Digital Archive & Research Platform for Music Theater Mobility Studies
Current Phase: Production-Ready Prototype
✅ Archive data migrated, validated, and exported as RiC-O conformant JSON-LD (436 records) ✅ Intelligent data pipeline with real archive signatures ✅ Complete visualization system with interactive features ✅ Modular CSS architecture with design tokens ✅ ES6 module-based JavaScript architecture ✅ Export functionality (SVG, PNG, CSV) ✅ Vite build system configured ✅ ESLint code quality enforcement
M³GIM (Mapping Mobile Musicians - Mobilität und Musiktheaterwissen im Graz der Nachkriegszeit am Beispiel der Sängerin Ira Malaniuk) is a digital humanities research project investigating transnational knowledge transfer in postwar music theater (1945-1969) through the lens of Ukrainian-Austrian mezzo-soprano Ira Malaniuk (1919-2009).
Project Team:
- Project Lead: Univ.-Prof.in Dr.in Nicole K. Strohmann (KUG Graz)
- Technical Implementation: Dr.

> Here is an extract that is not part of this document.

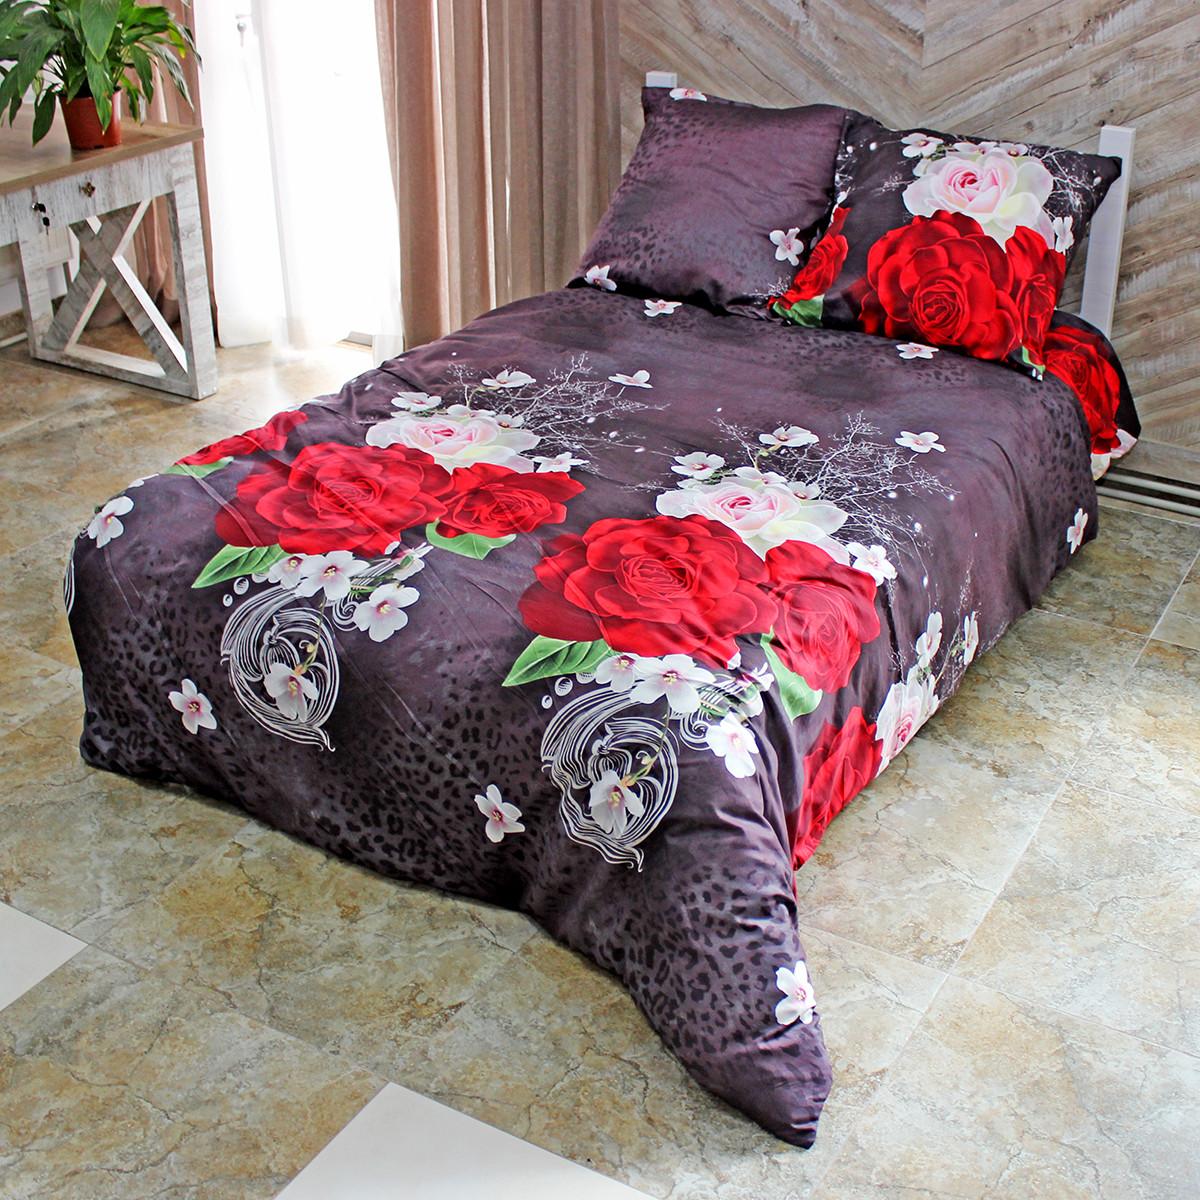 Комплект постельного белья At Home Двуспальный 200х215 (PSK_217_0353)

Christopher Pollin (Digital Humanities Craft OG)
Duration: 01.01.2026 - 31.12.2026 (Phase 1: Feasibility Study)
data/archive-export/ → migrate.py → data/processed/
(Original Excel) (Normalized Excel)
↓
validate.py
↓
data/reports/
(Validation Report)
↓
create-ric-json.py
↓
┌────────────data/export/m3gim.jsonld
│ (436 archive records)
│ ↓
│ build-views.py
│ ↓
│ data/views/
│ ├── partitur.json (7.5KB)
│ ├── matrix.json (3.1KB)
│ ├── kosmos.json (4.9KB)
│ └── sankey.json (2.8KB)
│ ↓
└──────────→ docs/data/
(Production data)
The build-views.py script generates optimized JSON files for each visualization:
- Weighted Intensities: Document types weighted (Letter=3, Program/Poster=2, Photo=1)
- Role Extraction: Automatic detection of opera roles (Brangäne, Amneris, etc.)
- Geographic Context: Location tracking per work (Bayreuth, München, Wien)
- Real Signatures: All data references actual archive signatures
| Category | Count |
|---|---|
| Objects (Hauptbestand, Plakate, Tonträger) | 208 |
| Photographs | 228 |
| Total Records | 436 |
Generated reports from archive analysis:
data/reports/archive-analysis.md: Top 20 persons, works, locationsdata/reports/signature-index.md: Detailed signature referencedata/reports/ZUSAMMENFASSUNG.md: Data enrichment recommendations
Best documented periods:
- 1950-1954: 68 documents
- 1995-1999: 58 documents
- 1955-1959: 49 documents
Interactive timeline showing all biographical dimensions simultaneously:
- 7 life phases from childhood (1919) to retirement (2009)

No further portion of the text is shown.